The Wigan MP Lisa Nandy may not win the Labour leadership, but she will be a big player in the decade long attempt to make the party a credible candidate for government.

Based on what I saw at the Manchester hustings this week, if the contest was just based on the quality of the candidates and their policies, Nandy would win. However, we can’t ignore the strategic battle that is going on.

It mirrors exactly the Democrats dilemma in America. Do you want ideological purity, or do you want to win? Tories and Republicans find this an easy question to answer. Their desire to govern is much more important than individual policies. Labour has always had a lively debate between pragmatists and activists. It has sharpened in recent years as Tony Blair, who delivered three election victories, is denounced as a traitor whilst Jeremy Corbyn is given ten out of then for two defeats. The Labour Party is 120 years old this year and has been in power for a pitiful 33 years.

Despite this the ideological battel rages on and is likely to damage Nandy’s chance of the top prize. Purists see Salford’s Rebecca Long-Bailey as the woman to cherish the Corbyn legacy. The argument is that the radical policies that were so popular in the 2017 election were only thwarted by Brexit in 2019. The fundamental flaw in this argument is that, although Mrs May was thwarted in her attempt to increase the Tories majority, she still won and 2019 wasn’t just about Brexit. It was also about Corbyn and an incredible list of manifesto promises.

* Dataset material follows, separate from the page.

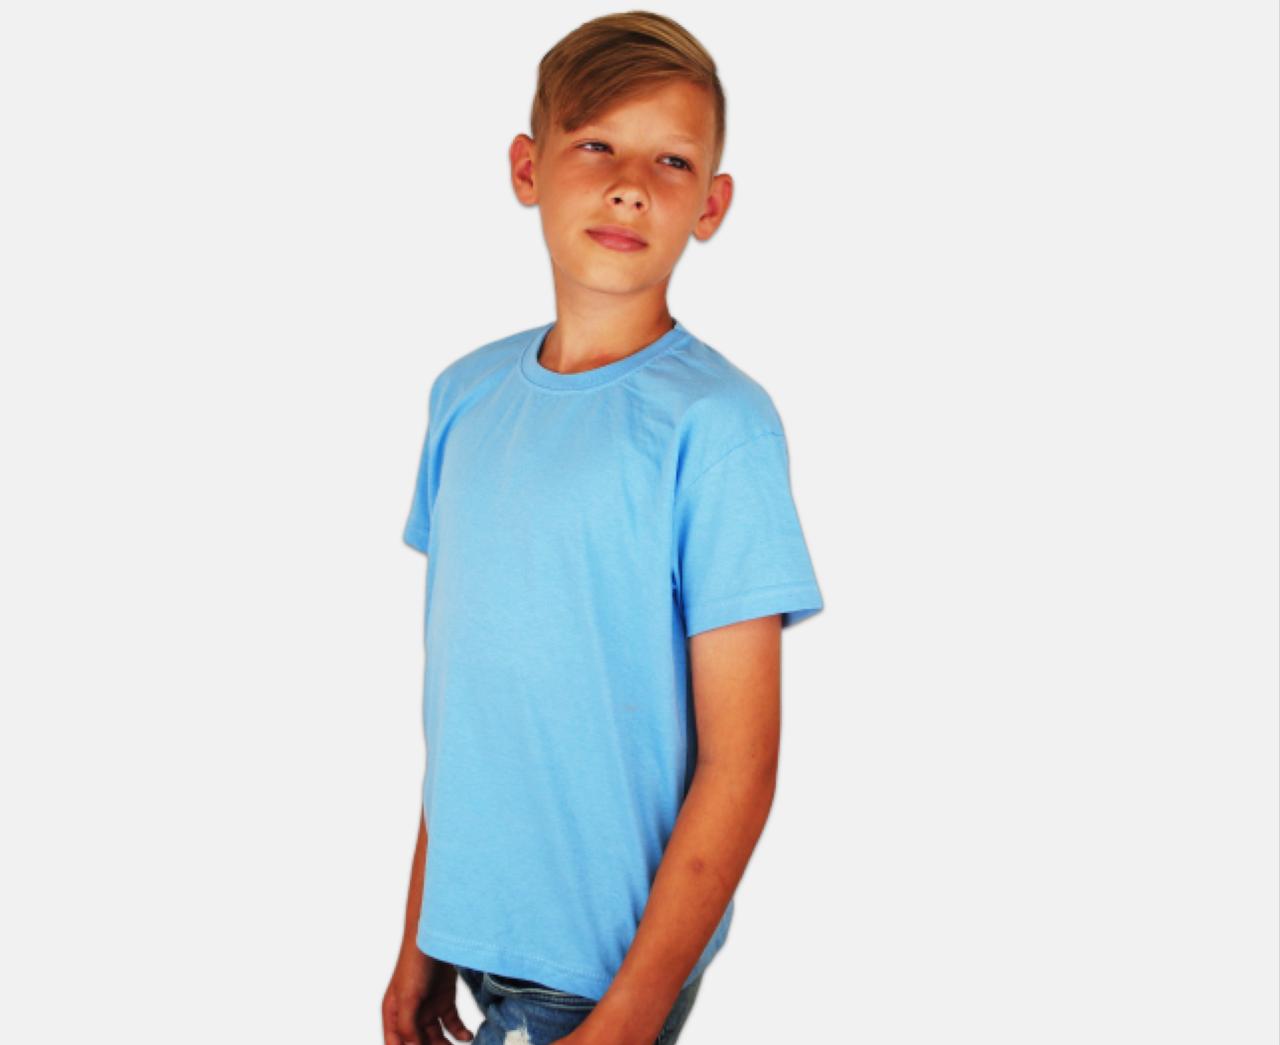 Детская Классическая Футболка для Мальчиков Небесно-голубая Fruit of the loom 61-033-YT 12-13

If Long-Bailey wins, Labour members will have decided to be an irrelevant pressure group that can never win power, so who out of Starmer and Nandy is best to stop her? The indications are that most support is going to Starmer as people fear splitting the anti Long-Bailey vote if they plump for Nandy.

Things may change especially if the Wigan MP continues to perform as she did in Manchester. Nandy is prepared to tell the party some home truths whereas Starmer is often equivocal. I wonder whether he will be strong enough to expel the anti-Semites and Trots.

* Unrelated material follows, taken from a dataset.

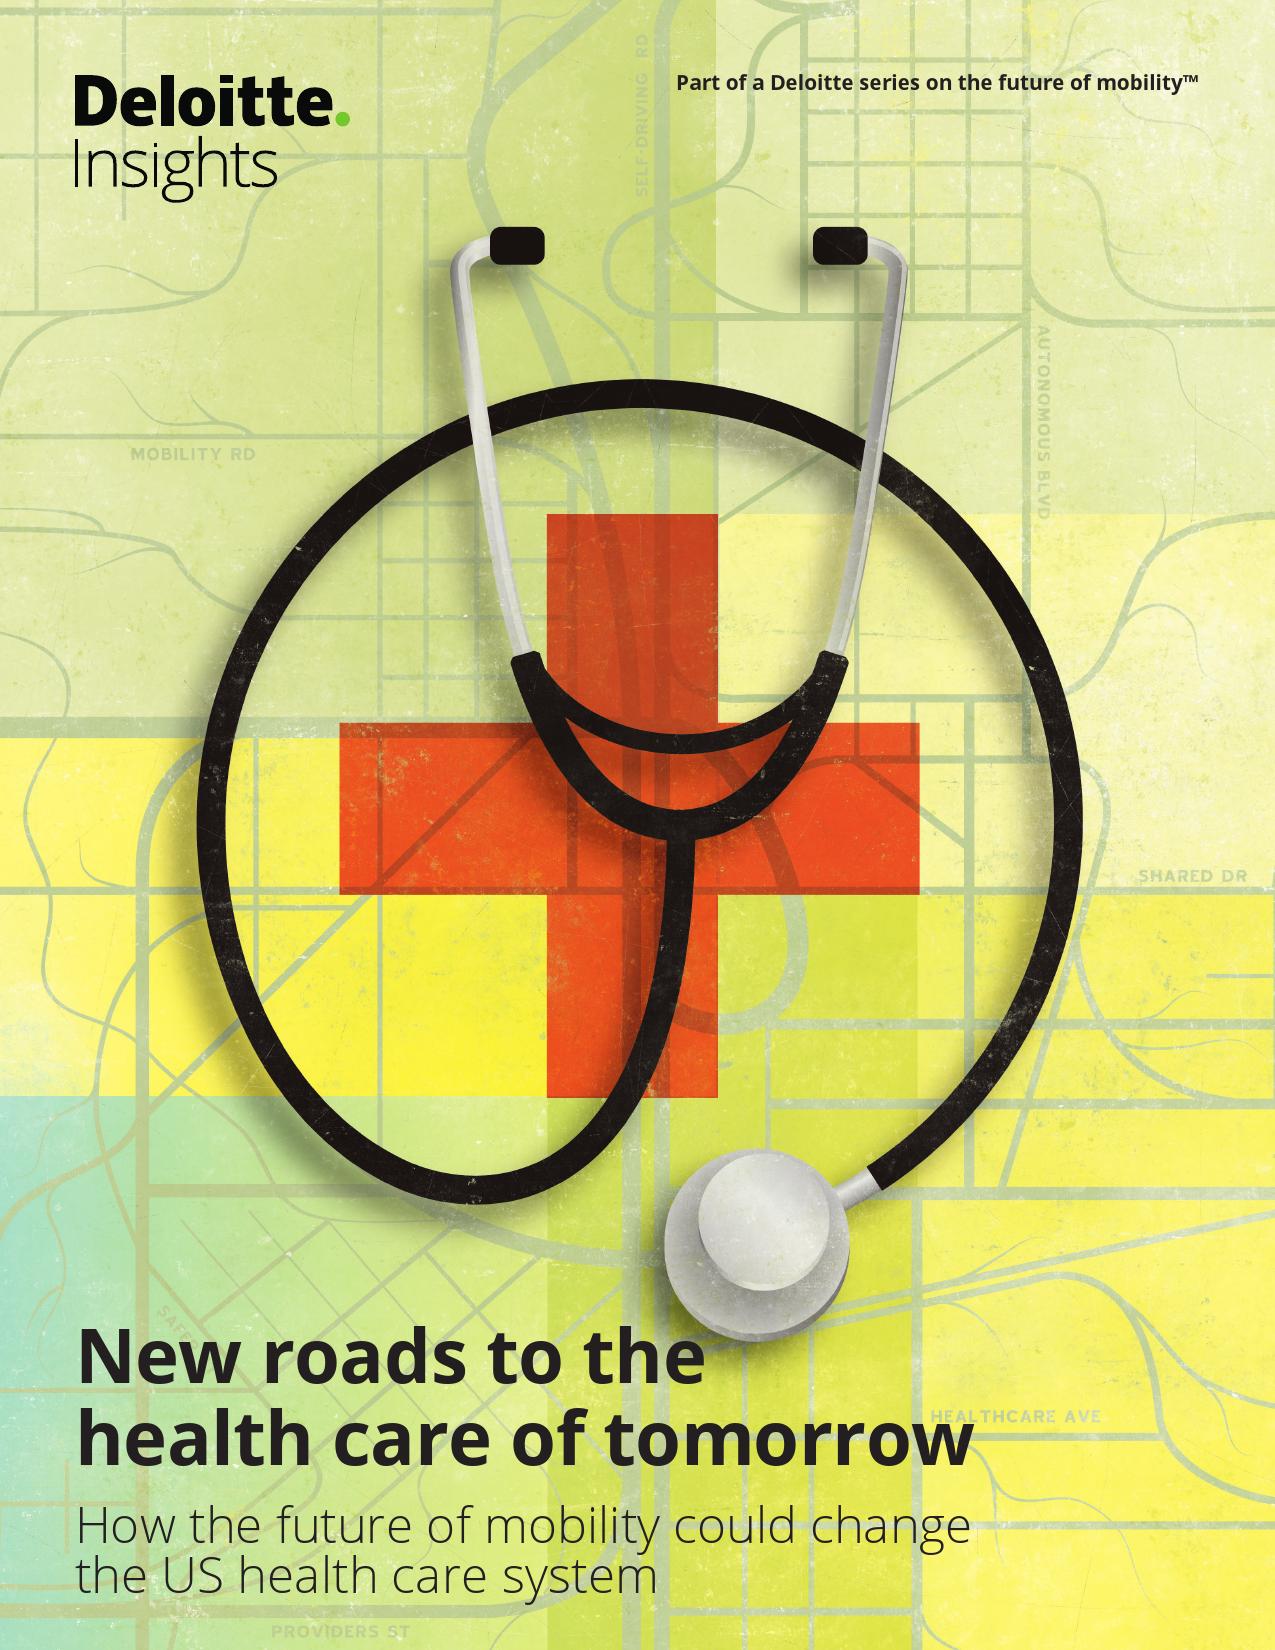 德勤:美国医疗保健的转型之路(附下载)

An example of Nandy’s clarity came when the candidates were asked about the idea that every Labour MP should face an open selection before every General Election. Long-Bailey favours it whereas Nandy said no. She added that if Jo Platt had not been distracted by a reselection battle, she might have saved the Leigh seat from going Tory.

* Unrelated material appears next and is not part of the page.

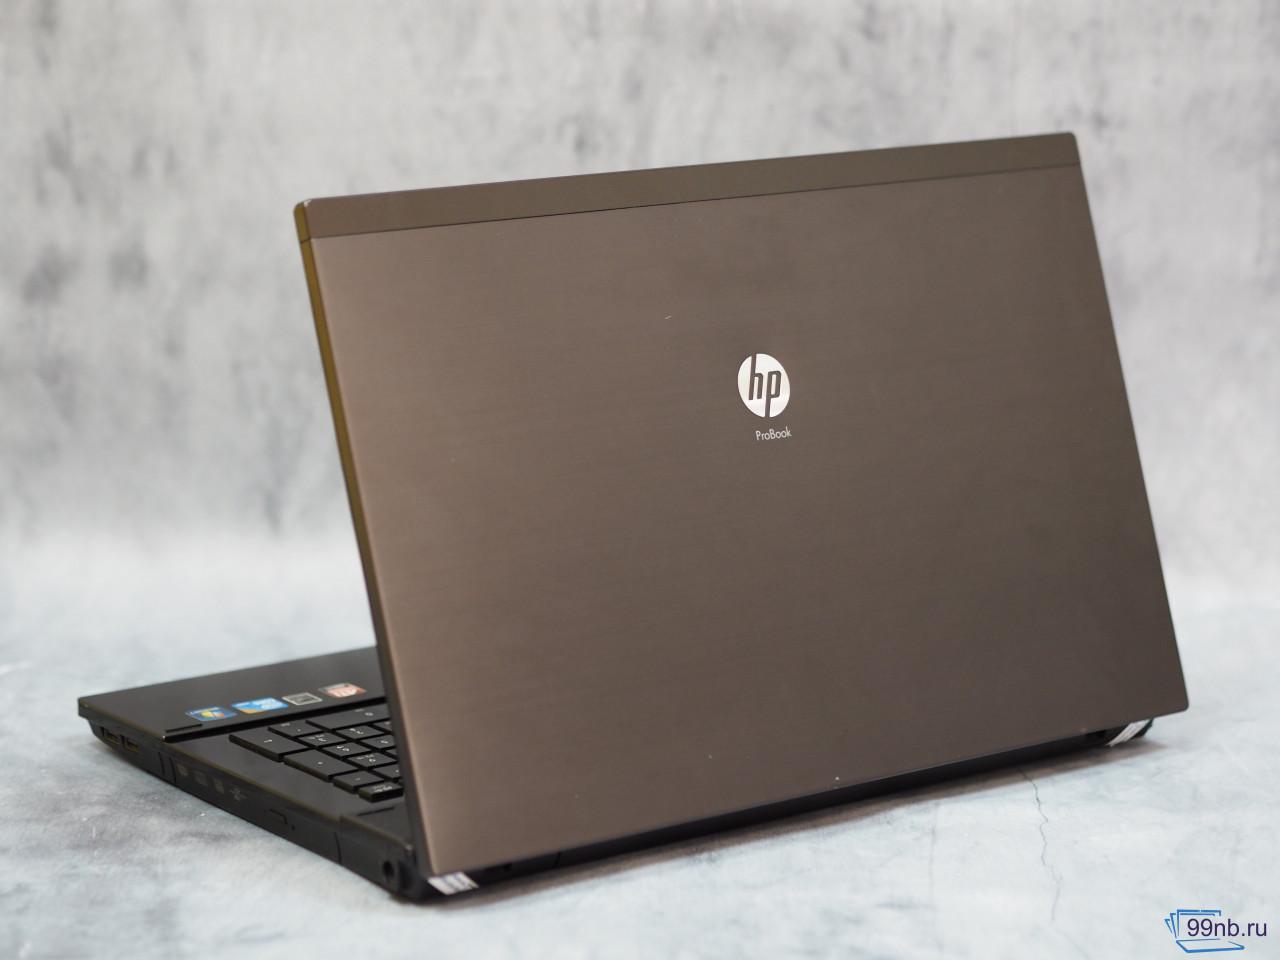 HP  probook 4720s

I asked the candidates about devolution. In my opinion Labour have lacked a clear devolution plan since John Prescott’s regional structure. It is part of the reason areas of the North have deserted them. We now have the mess of elected mayors, Local Enterprise Partnerships, two tier and one tier local government.

All the candidates agreed it was a mess, but their answers were instructive. Keir Starmer talked vaguely about a bottom up approach. Long Bailey wanted to abolish the House of Lords, but to be fair did speak of regional government offices. However, Nandy had the most thought through answer. She supported elected mayors but more needed to be done about accountability to outlying town s like Wigan. She would abolish LEP’s and give the powers to councils and felt the model of the RDA’s in economic development had merit in the future.

Labour members are now voting, and let’s hope there’s a late surge for Nandy. If not, she must have a senior place in the Shadow Cabinet.